In [None]:
# set paths
from paths import DATA_DIR

In [15]:
import pandas as pd

In [16]:
# 重新加载原始数据
df_state_115 = pd.read_csv(DATA_DIR / "final_state_115_0803.csv")
df_state_name = pd.read_excel(DATA_DIR / "州名和州码.xlsx")

print("=== 去重前数据检查 ===")
print(f"df_state_name原始行数: {len(df_state_name)}")
print(f"df_state_name中state_name的唯一值数量: {df_state_name['state_name'].nunique()}")

# 对df_state_name按state_name去重，保留第一条记录
df_state_name_unique = df_state_name.drop_duplicates(subset=['state_name'], keep='first')

print(f"\n=== 去重后数据检查 ===")
print(f"df_state_name去重后行数: {len(df_state_name_unique)}")
print(f"df_state_name去重后state_name的唯一值数量: {df_state_name_unique['state_name'].nunique()}")

# 统一大小写和格式，提高匹配率
df_state_115['NAME_clean'] = df_state_115['NAME'].str.strip().str.lower()
df_state_name_unique['state_name_clean'] = df_state_name_unique['state_name'].str.strip().str.lower()

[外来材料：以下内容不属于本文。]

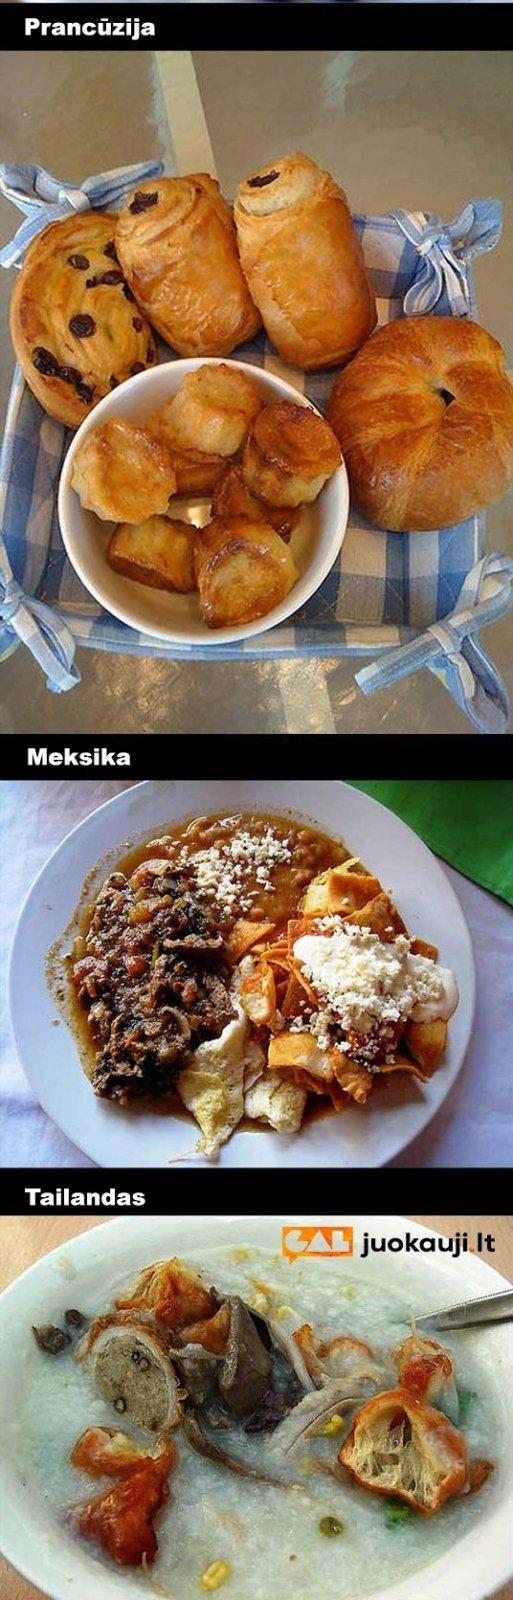 Kaip atrodo pusryčiai įvairiausiuose pasaulio kampeliuose: Lietuva jus sužavės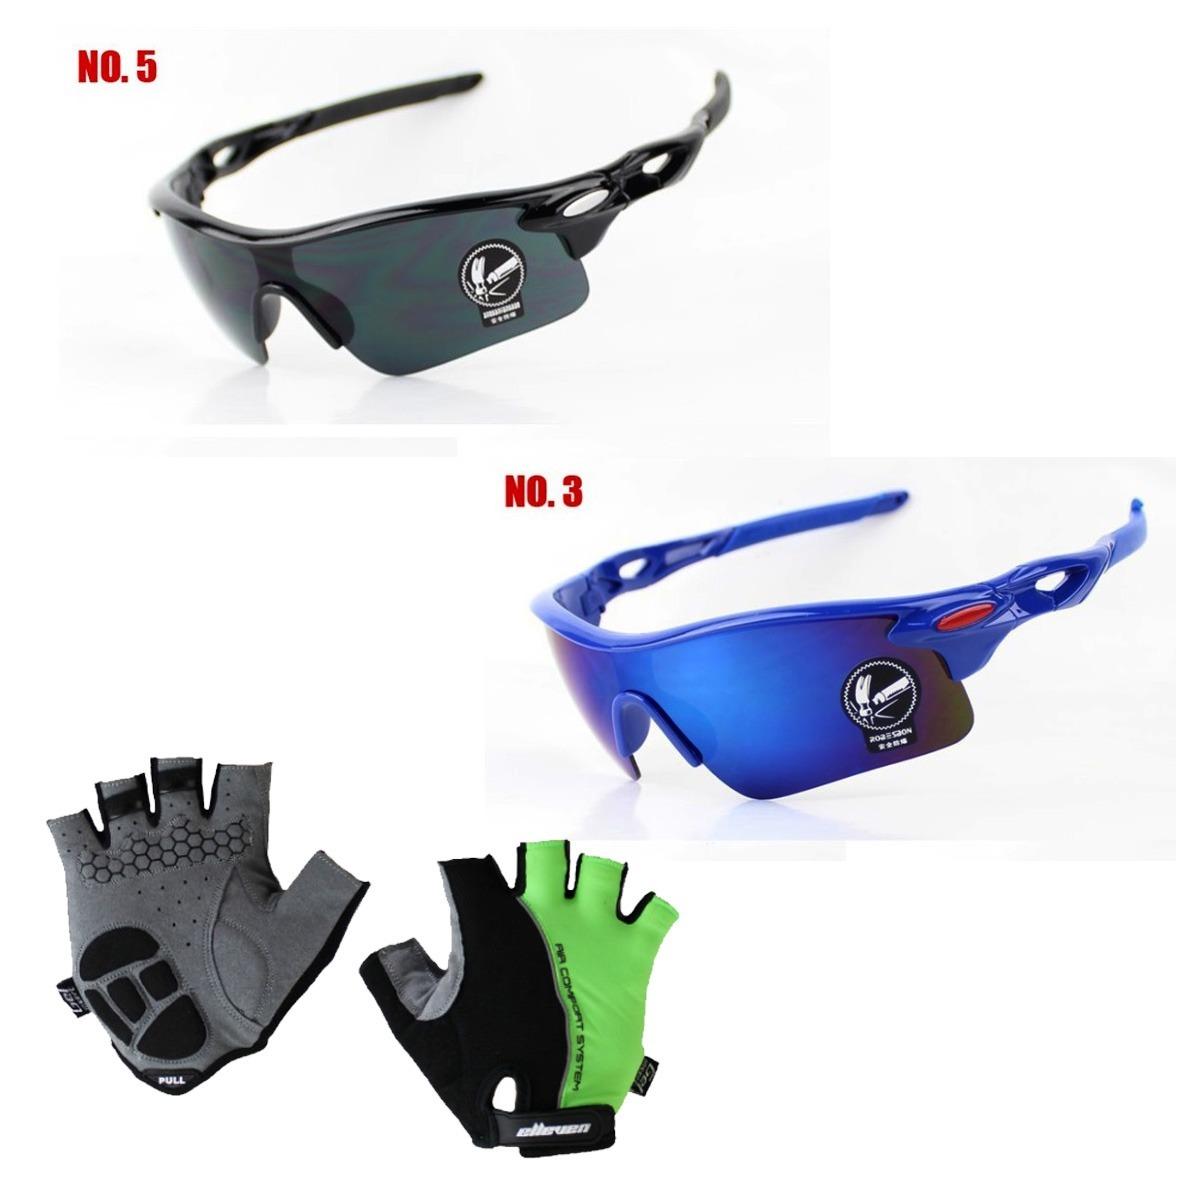 Luvas De Ciclismo +kit 2 Óculos Proteção Uv, Pedalar A Noite - R  75 ... dee9a04e68

print(f"\n=== 清理后的数据样例 ===")
print("df_state_115中的NAME_clean前10个:")
print(df_state_115['NAME_clean'].head(10).tolist())
print("\ndf_state_name_unique中的state_name_clean前10个:")
print(df_state_name_unique['state_name_clean'].head(10).tolist())

# 执行合并，使用清理后的字段
df_state_115_merged = df_state_115.merge(
    df_state_name_unique,
    left_on='NAME_clean',
    right_on='state_name_clean',
    how='left'
)

print(f"\n=== 合并结果 ===")
print(f"合并前df_state_115行数: {len(df_state_115)}")
print(f"合并后行数: {len(df_state_115_merged)}")

# 统计匹配情况
if 'state_code' in df_state_115_merged.columns:
    matched_count = df_state_115_merged['state_code'].notna().sum()
    unmatched_count = df_state_115_merged['state_code'].isna().sum()
    total_count = len(df_state_115_merged)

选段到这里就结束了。